• _Problem to work on_
The whole listing is to be restated word for word with no images.

• _Data excerpt_
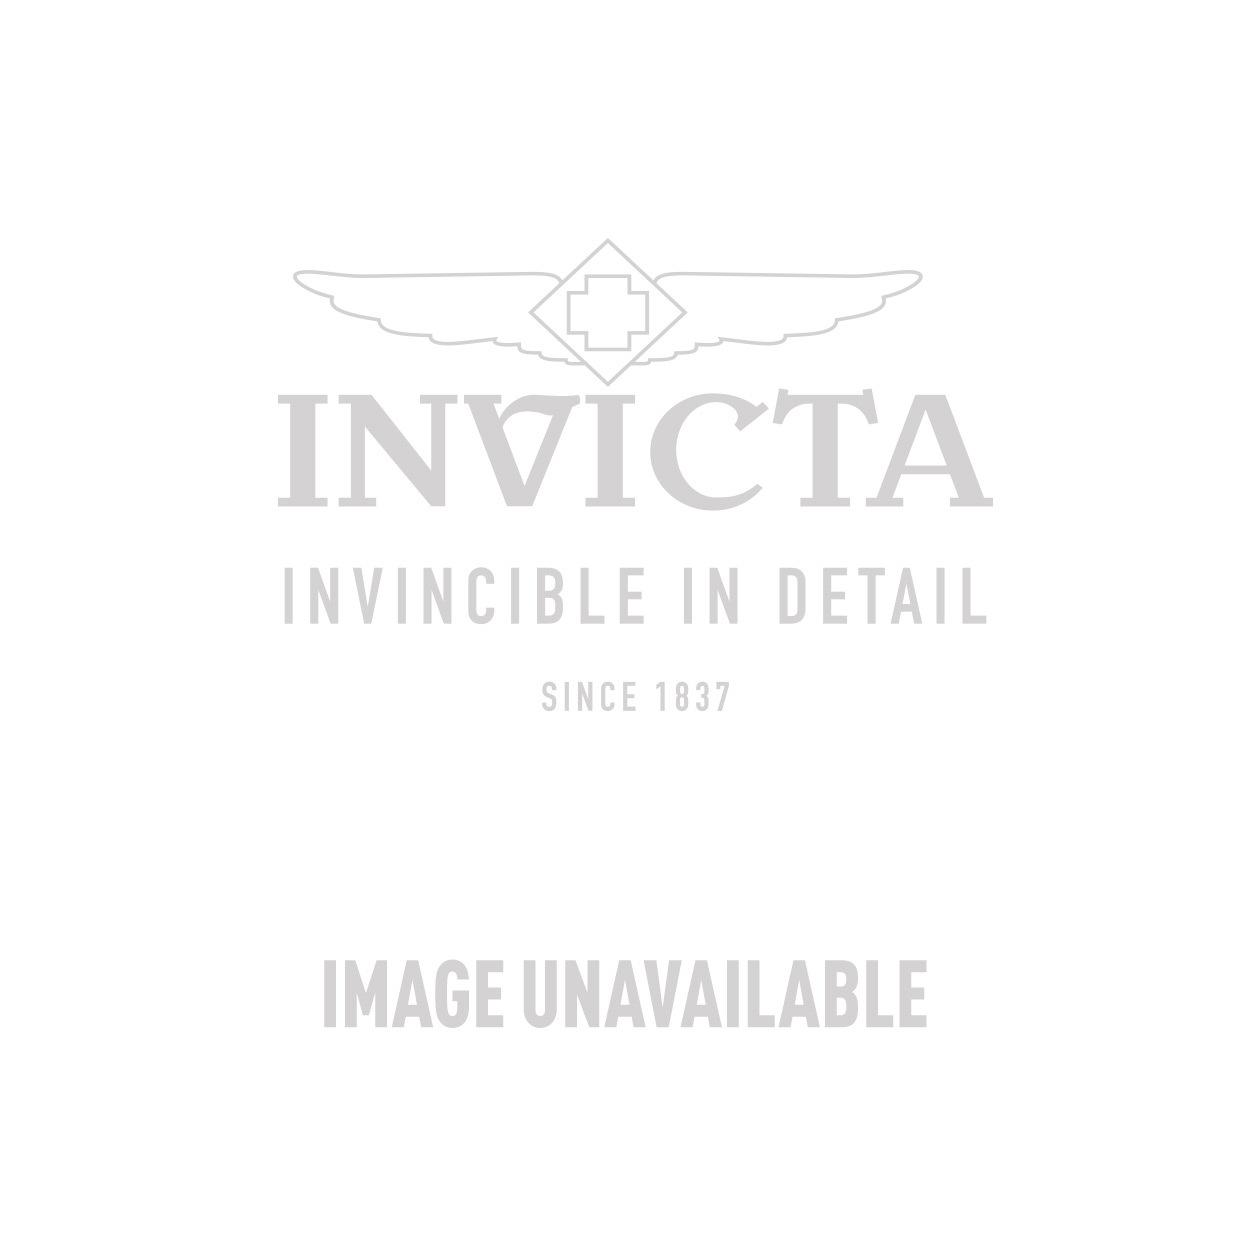 Invicta Model 29343
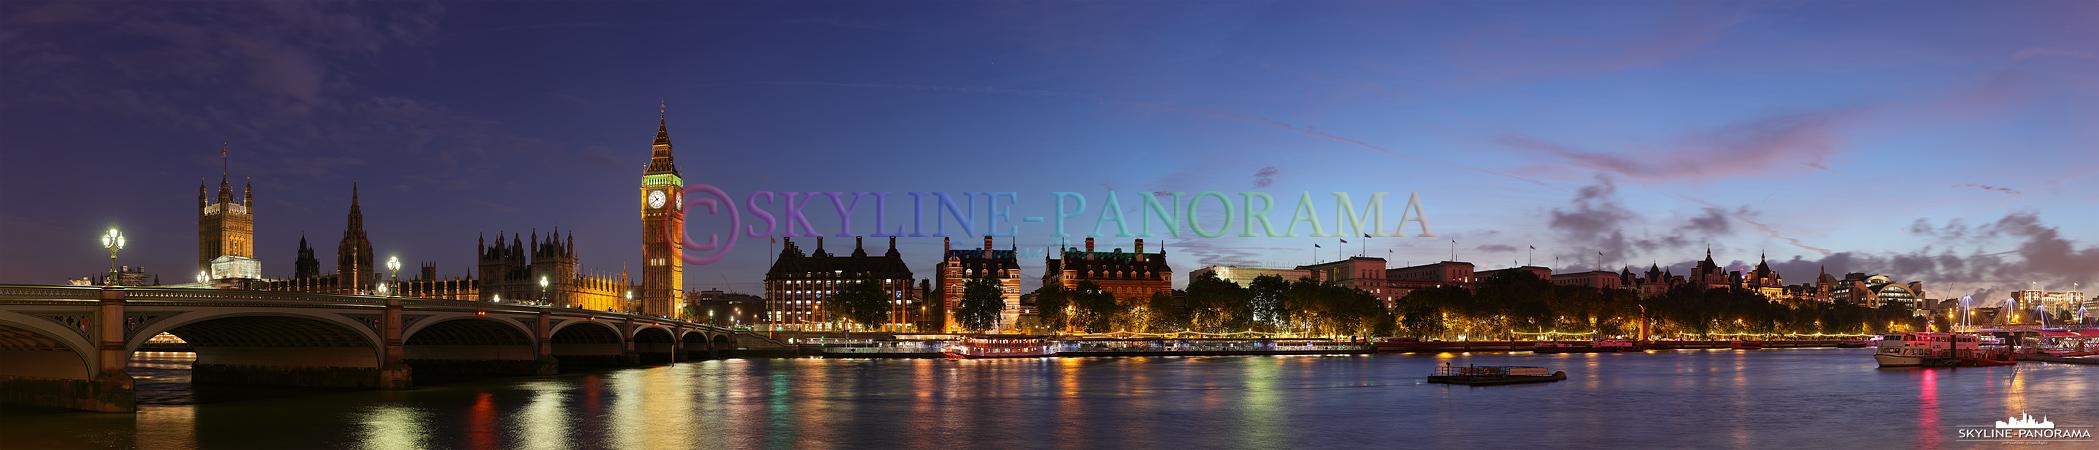 Bilder aus London - Panorama vom Themse Ufer auf den Londoner Stadtteil Westminster mit Blick auf die Westminster Bridge, dem dahinter liegenden Palace of Westminster und dem abendlich beleuchteten Glockenturm Big Ben.
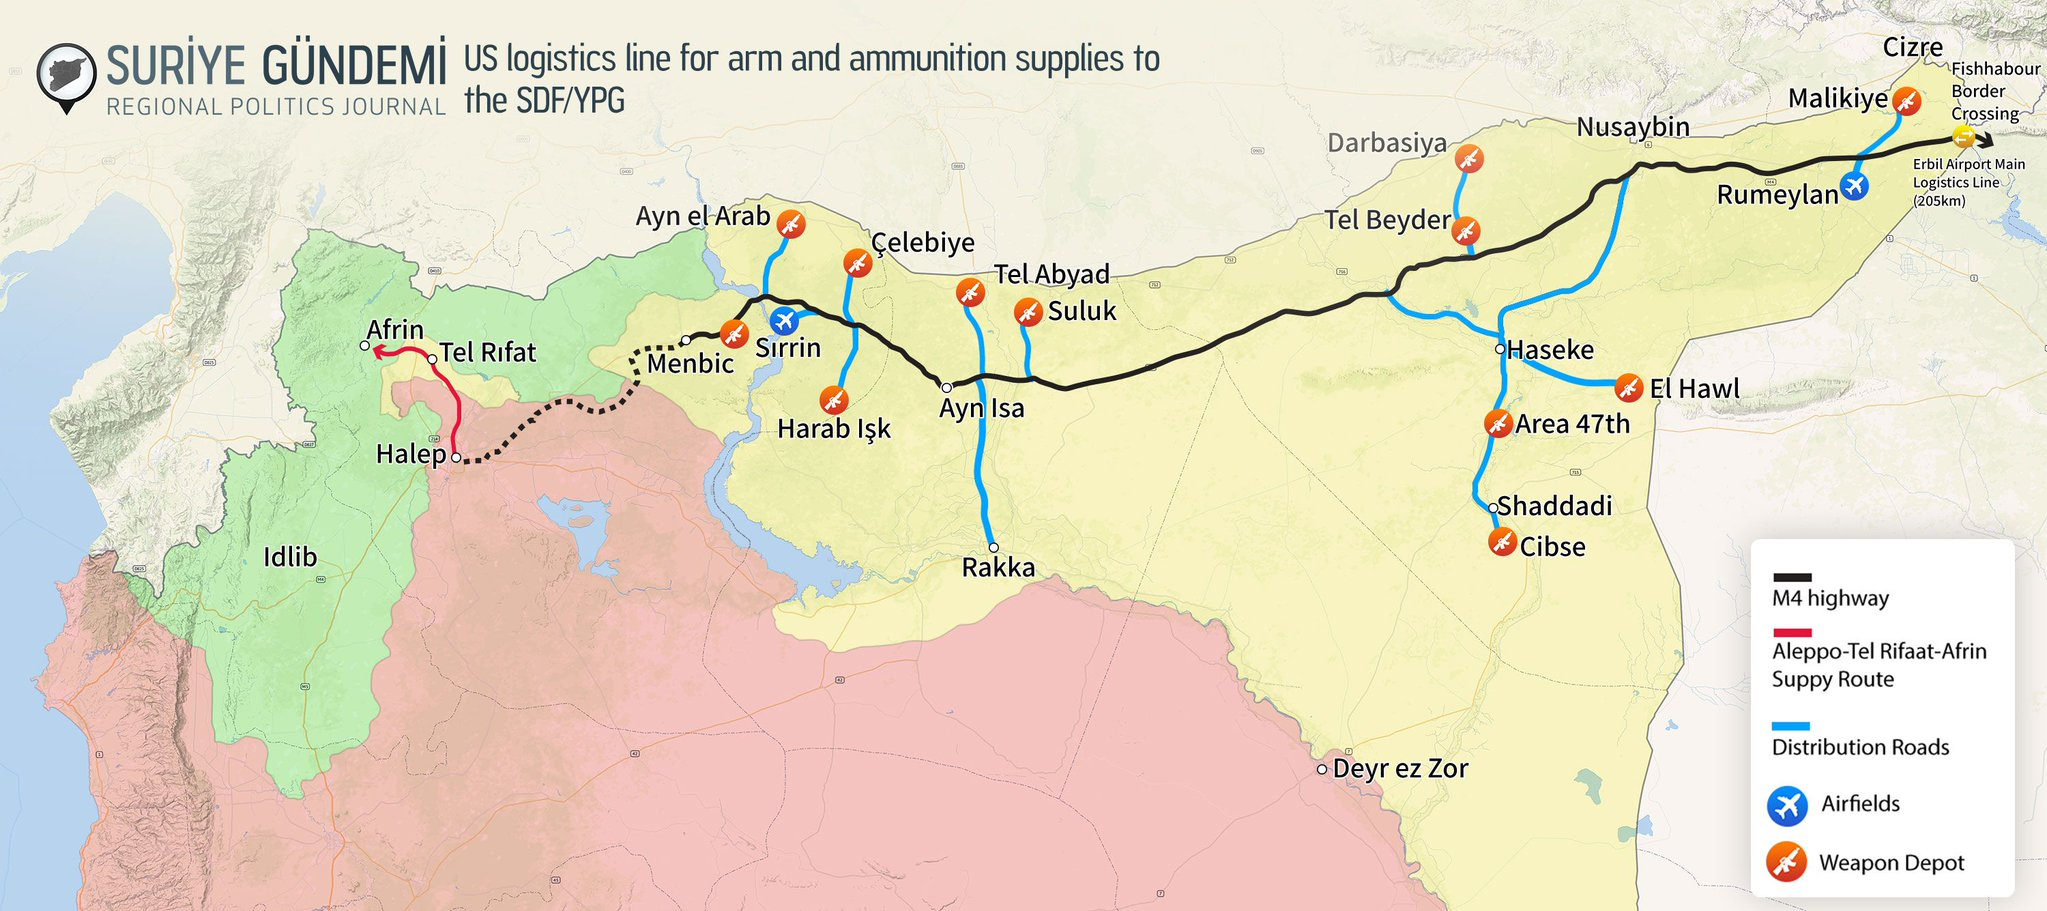 Mapa zásobovacích cest US podpory SDF/YPG
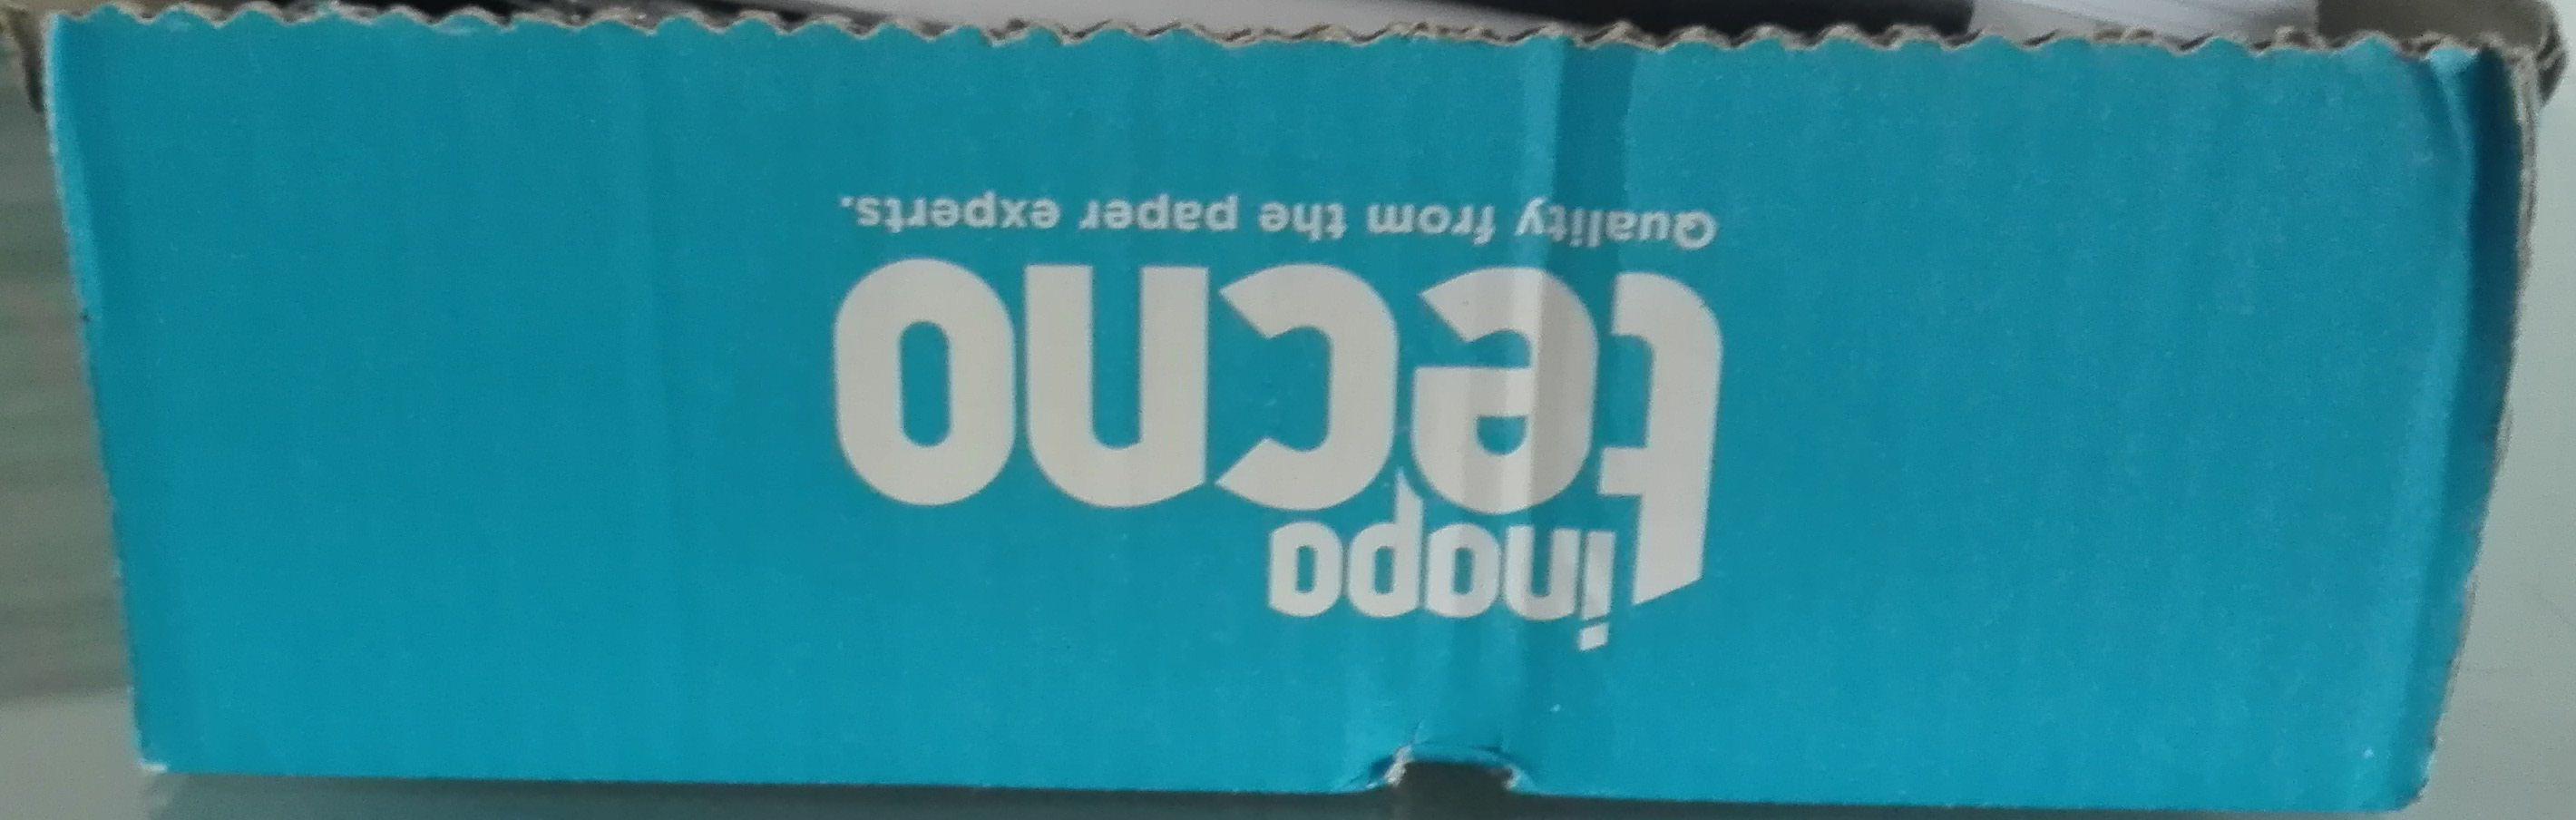 Verbetering: De zijkant van deze kartonnen doos vormt een vlak.

• _Response_
 Invicta Model 29343
 Bilder aus London - Panorama vom Themse Ufer auf den Londoner Stadtteil Westminster mit Blick auf die Westminster Bridge, dem dahinter liegenden Palace of Westminster und dem abendlich beleuchteten Glockenturm Big Ben.
 Mapa zásobovacích cest US podpory SDF/YPG
 Verbetering: De zijkant van deze kartonnen doos vormt een vlak.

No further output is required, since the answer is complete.